In a randomized controlled trial, test subjects are assigned to either experimental or control groups randomly, rather than for any systematic reason. A medical trial is not usually considered definitive unless it is a randomized controlled trial. Why? What’s so important about randomization?

Randomization prevents researchers from introducing systematic biases between test groups. Otherwise, they might assign frail patients to a less risky or less demanding treatment or assign wealthier patients to the new treatment because their insurance companies will pay for it. But randomization has no hidden biases, and it guarantees that each group has roughly the same demographics; any confounding factors—even ones you don’t know about—can’t affect your results. When you obtain a statistically significant result, you know that the only possible cause is your medication or intervention.

Let me return to a medical example. I want to compare two blood pressure medications, so I recruit 2,000 patients and randomly split them into two groups. Then I administer the medications. After waiting a month for the medication to take effect, I measure each patient’s blood pressure and compare the groups to find which has the lower average blood pressure.

I can do an ordinary hypothesis test and get an ordinary p value; with my sample size of 1,000 patients per group, I will have good statistical power to detect differences between the medications.

Now imagine an alternative experimental design. Instead of 1,000 patients per group, I recruit only 10, but I measure each patient’s blood pressure 100 times over the course of a few months. This way I can get a more accurate fix on their individual blood pressures, which may vary from day to day. Or perhaps I’m worried that my sphygmomanometers are not perfectly calibrated, so I measure with a different one each day. I still have 1,000 data points per group but only 10 unique patients. I can perform the same hypothesis tests with the same statistical power since I seem to have the same sample size.

But do I really? A large sample size is supposed to ensure that any differences between groups are a result of my treatment, not genetics or preexisting conditions. But in this new design, I’m not recruiting new patients. I’m just counting the genetics of each existing patient 100 times.

This problem is known as pseudo-replication, and it is quite common. For instance, after testing cells from a culture, a biologist might “replicate” his results by testing more cells from the same culture. Or a neuroscientist might test multiple neurons from the same animal, claiming to have a large sample size of hundreds of neurons from just two rats. A marine biologist might experiment on fish kept in aquariums, forgetting that fish sharing a single aquarium are not independent: their conditions may be affected by one another, as well as the tested treatment. If these experiments are meant to reveal trends in rats or fish in general, their results will be misleading.

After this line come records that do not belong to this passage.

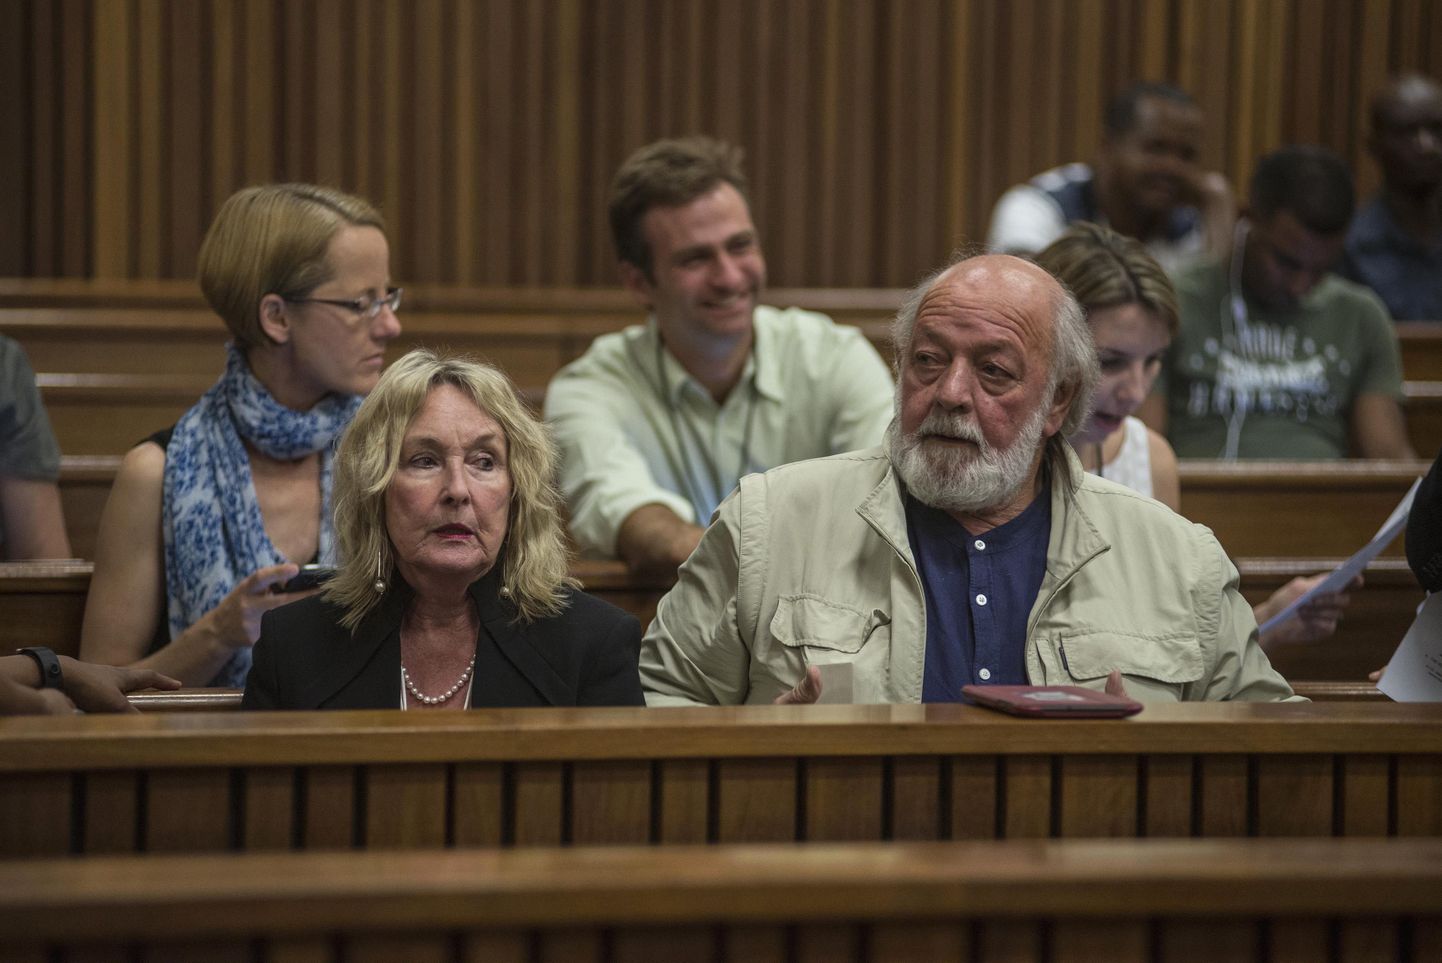 Reeva Steenkampi vanemad ehk ema June ja isa Barry Steenkamp.
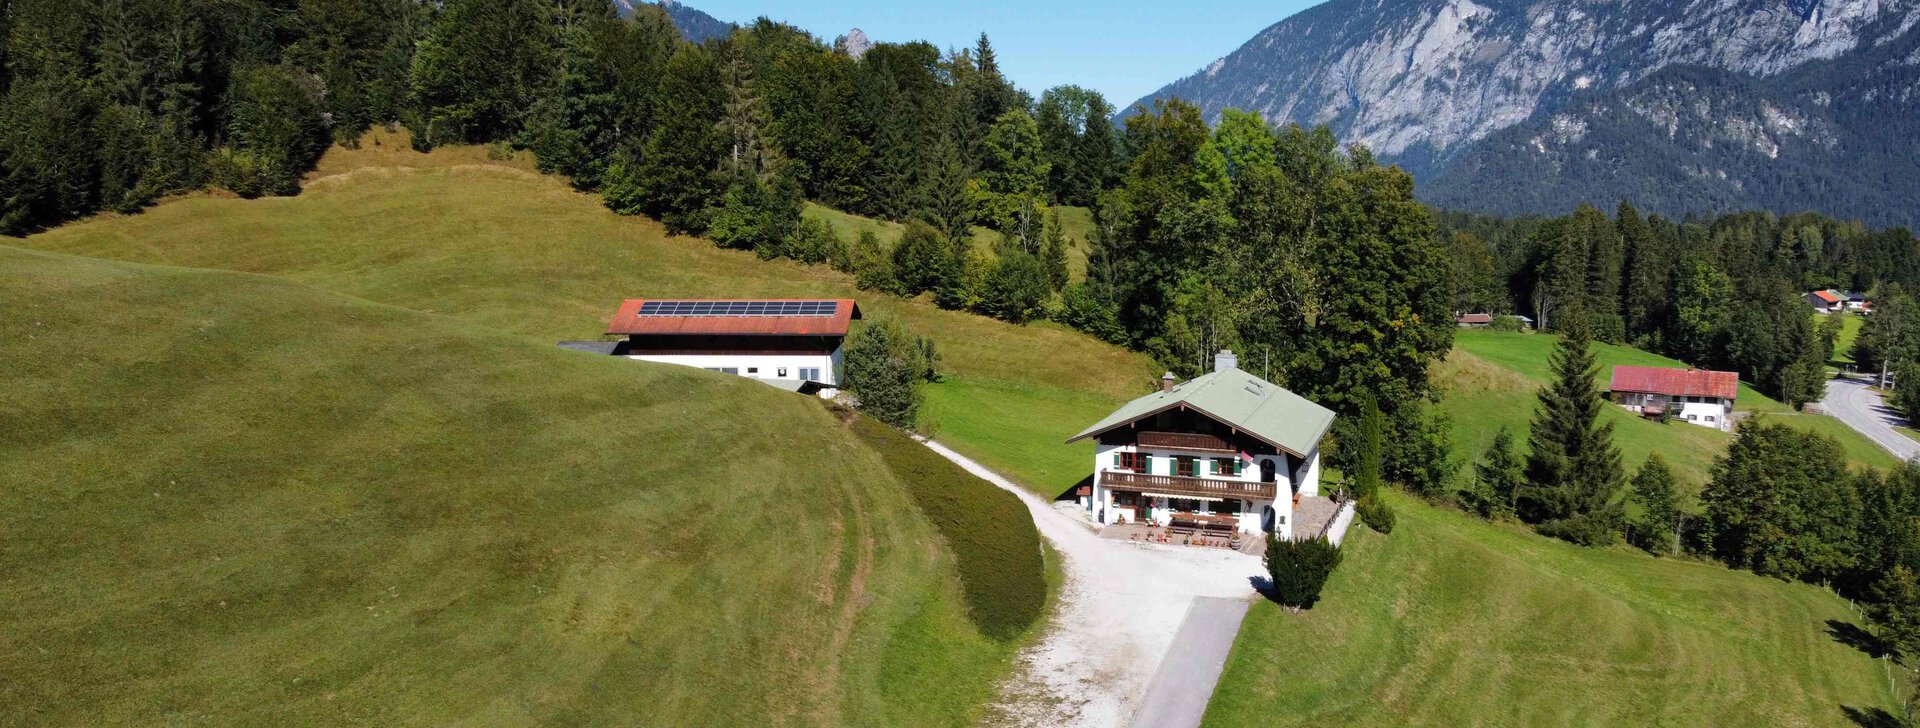 bauernhof, bauernhaus, bauernanwesen, bischofswiesen, berchtesgaden, berchtesgadener land, bgl, immobilie kaufen | © HausBauHaus GmbH
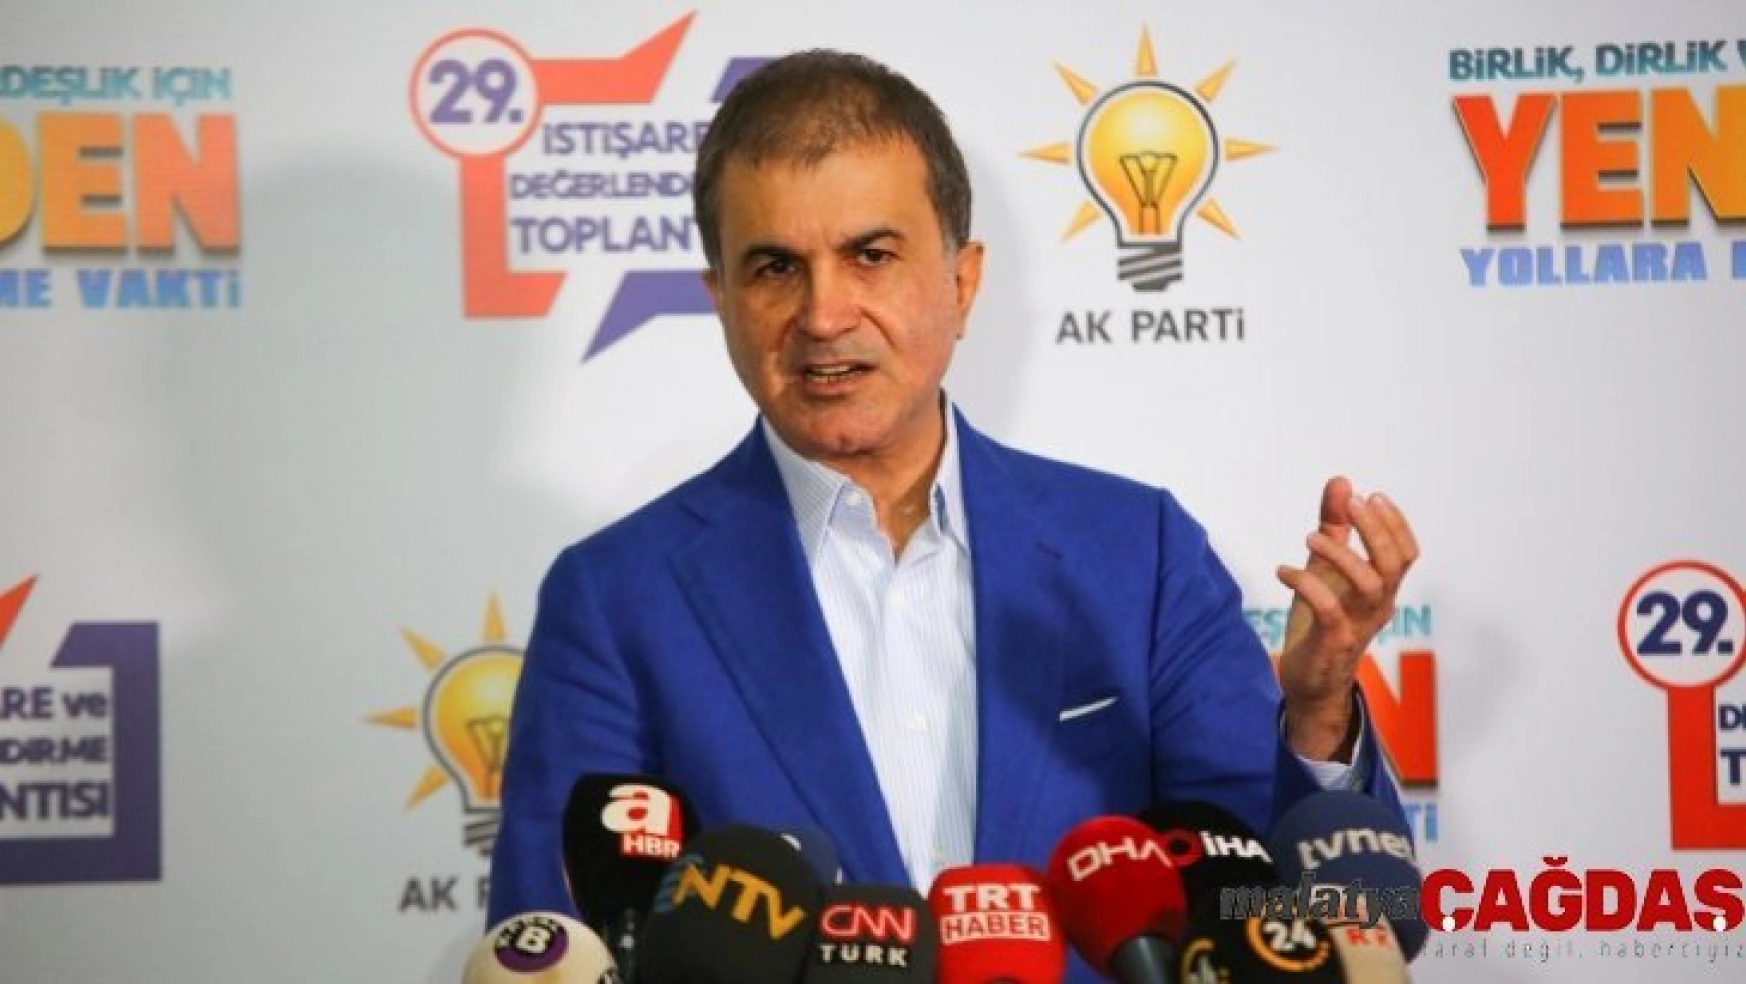 AK Parti Sözcüsü Çelik: 'CHP müsamahakar davranıyor'
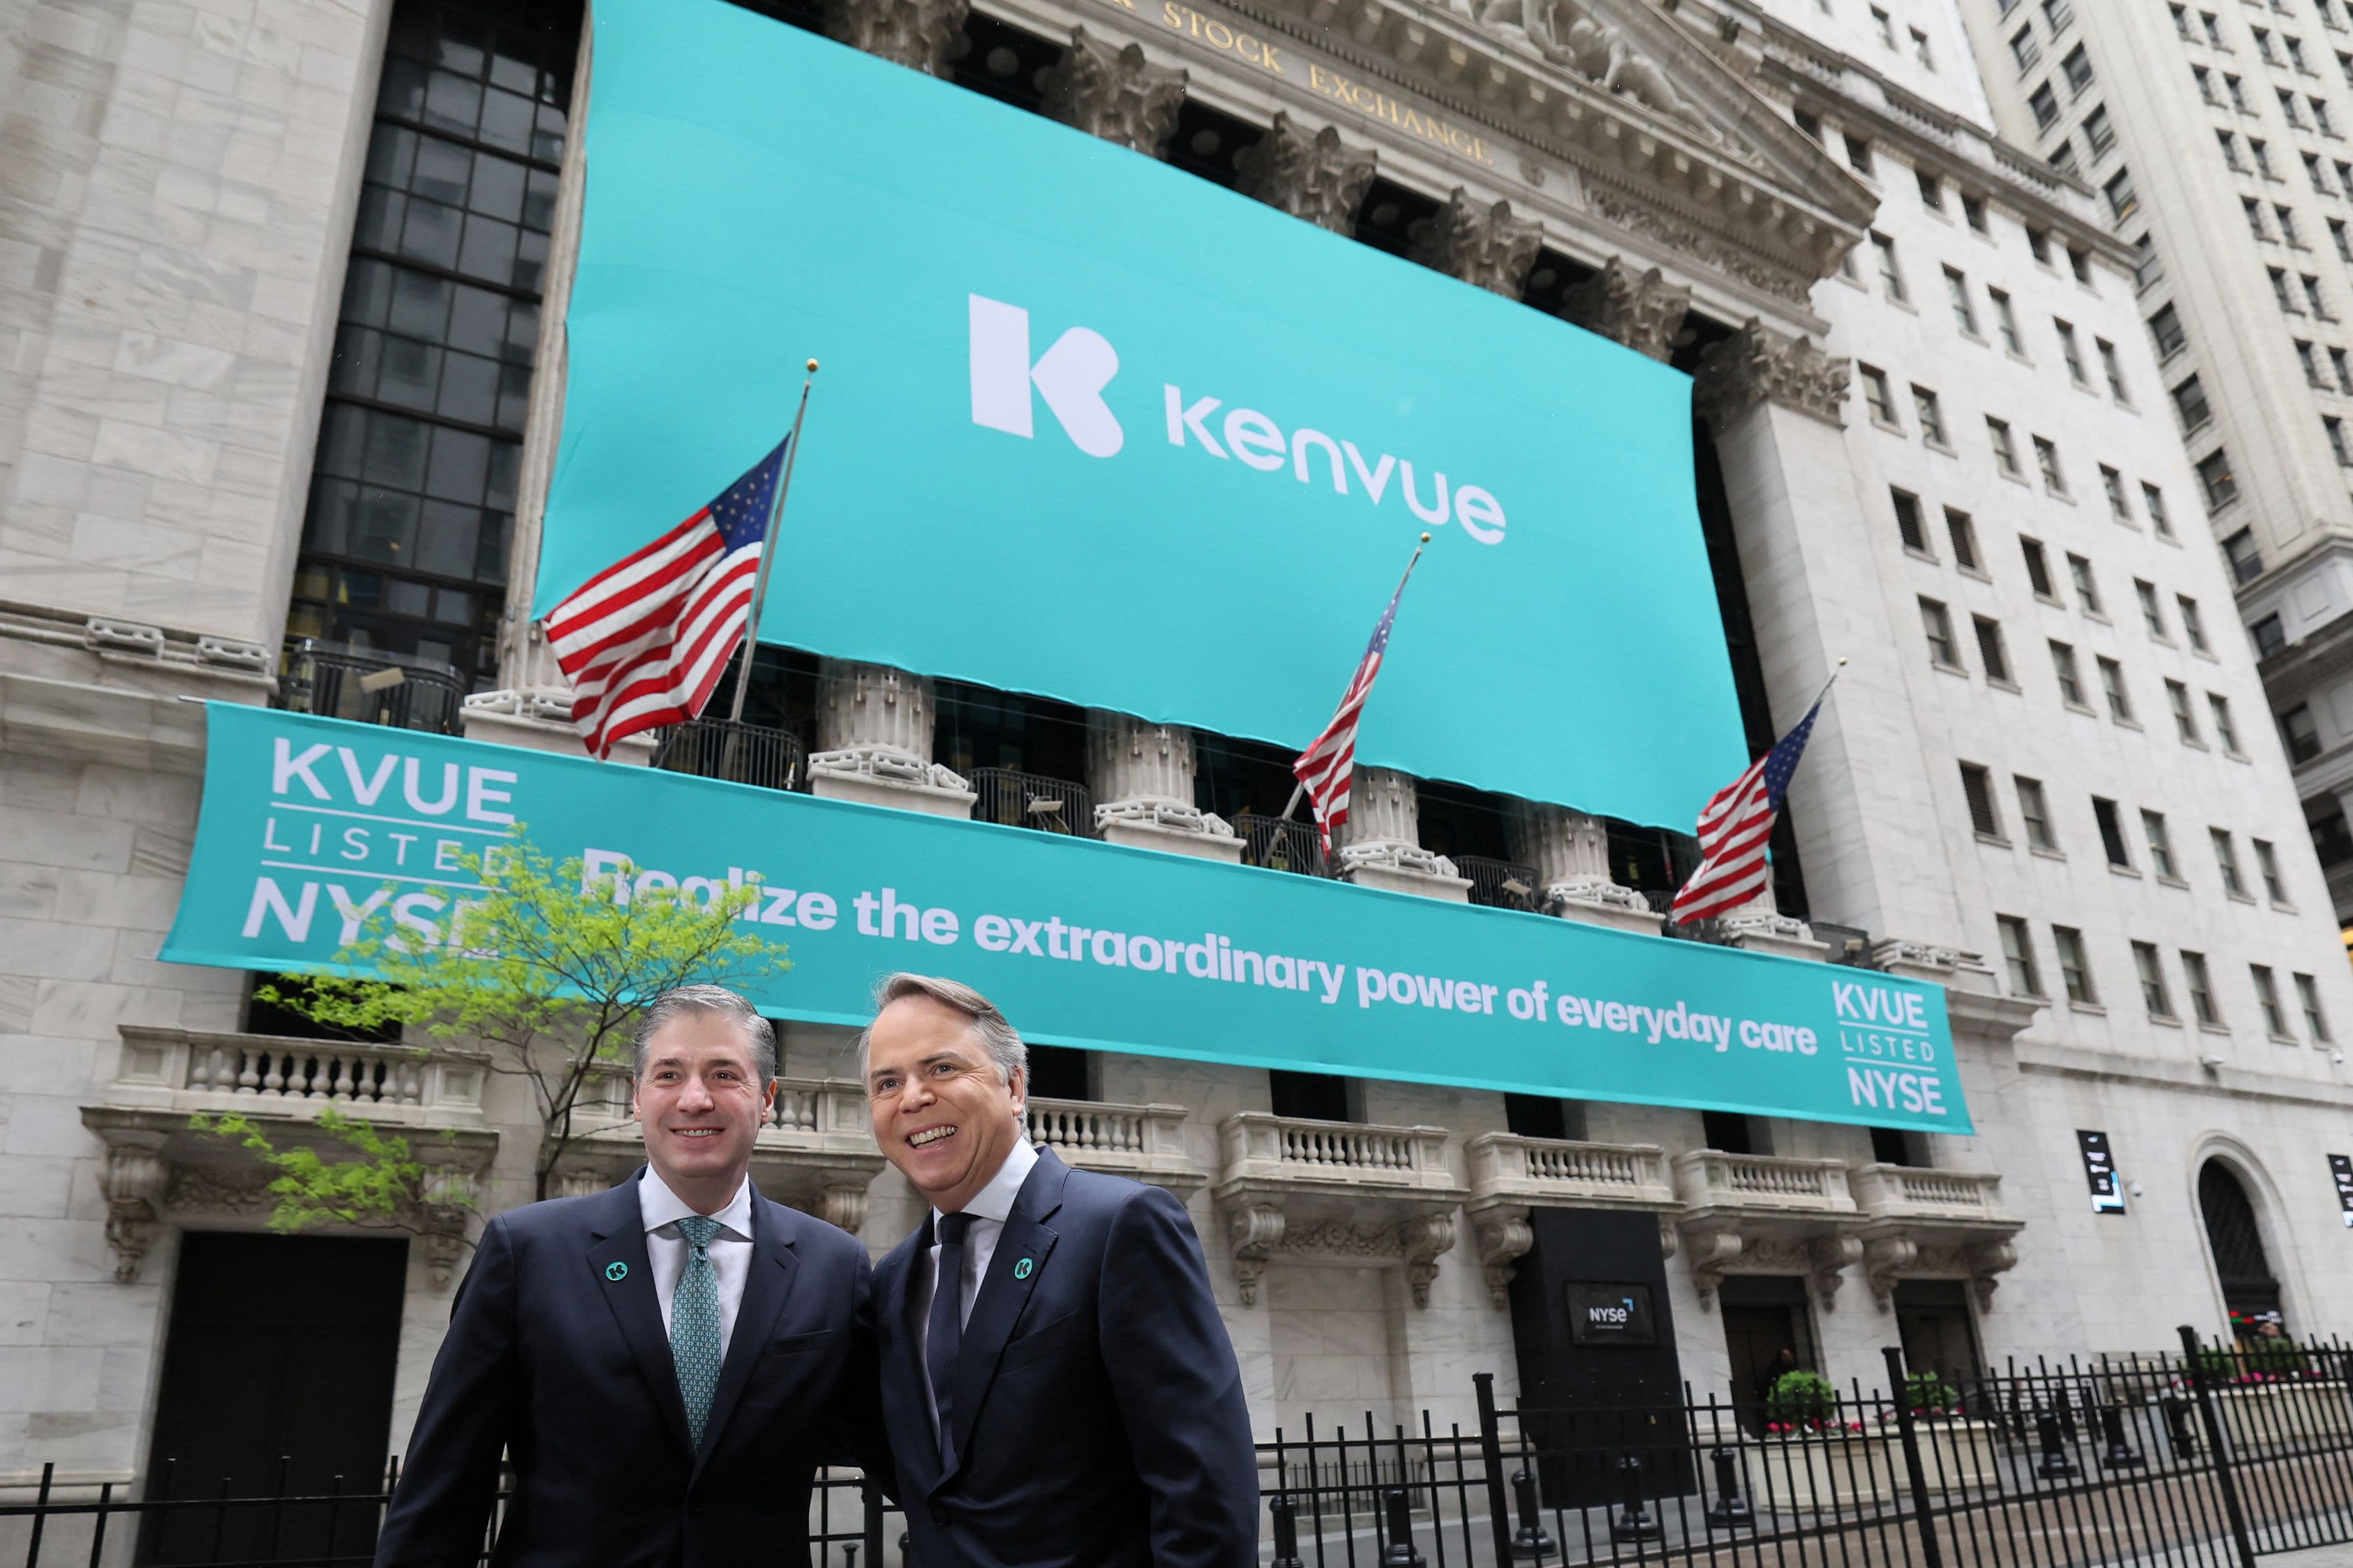 KVUE न्यूयॉर्क स्टॉक एक्सचेंज में कारोबार शुरू करता है
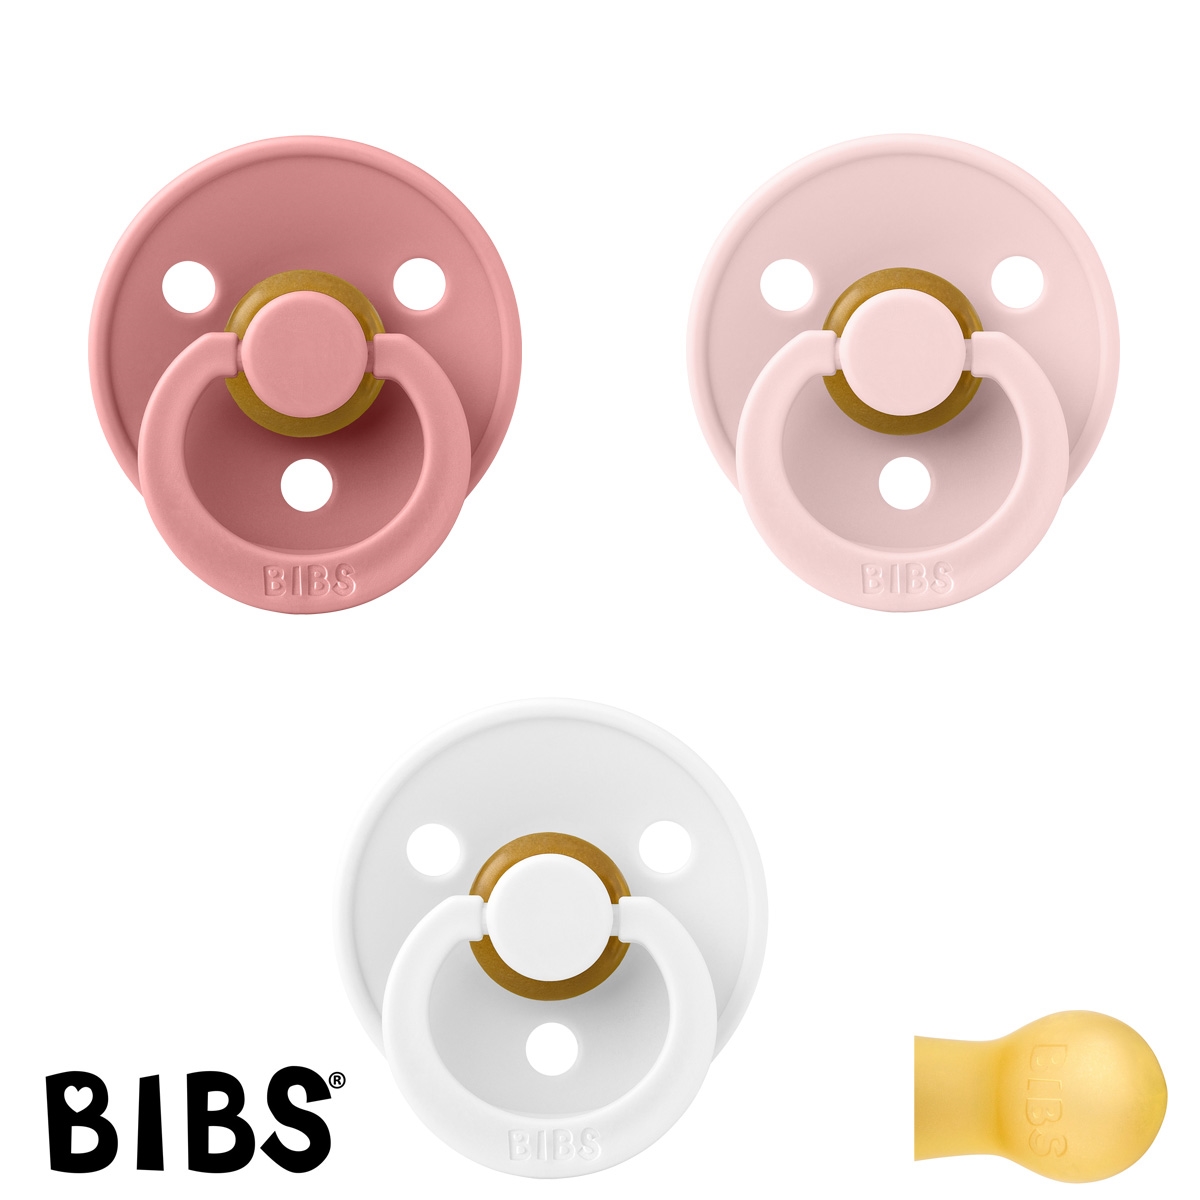 BIBS Colour Schnuller mit Namen, Gr. 1, White, Dusty Pink, Blossom, Rund Latex, (3er Pack)

You can think of pseudo-replication as collecting data that answers the wrong question. Pseudo-replication can also be caused by taking separate measurements of the same subject over time (autocorrelation), like in my blood pressure experiment. Blood pressure measurements of the same patient from day to day are auto correlated, as are revenue figures for a corporation from year to year. The mathematical structure of these autocorrelations can be complicated and vary from patient to patient or from business to business. The unwitting scientist who treats this data as though each measurement is independent of the others will obtain pseudo-replicated—and hence misleading—results.

Careful experimental design can break the dependence between measurements. Alternatively, if you can’t alter your experimental design, statistical analysis can help account for pseudo-replication. Statistical techniques do not magically eliminate dependence between measurements or allow you to obtain good results with poor experimental design. They merely provide ways to quantify dependence so you can correctly interpret your data. 

Here are some tips:

• Average the dependent data points. For example, average all the blood pressure measurements taken from a single person and treat the average as a single data point.

This isn’t perfect: if you measured some patients more frequently than others, this fact won’t be reflected in the averaged number. To make your results reflect the level of certainty in your measurements, which increases as you take more, you’d perform a weighted analysis, weighting the better-measured patients more strongly.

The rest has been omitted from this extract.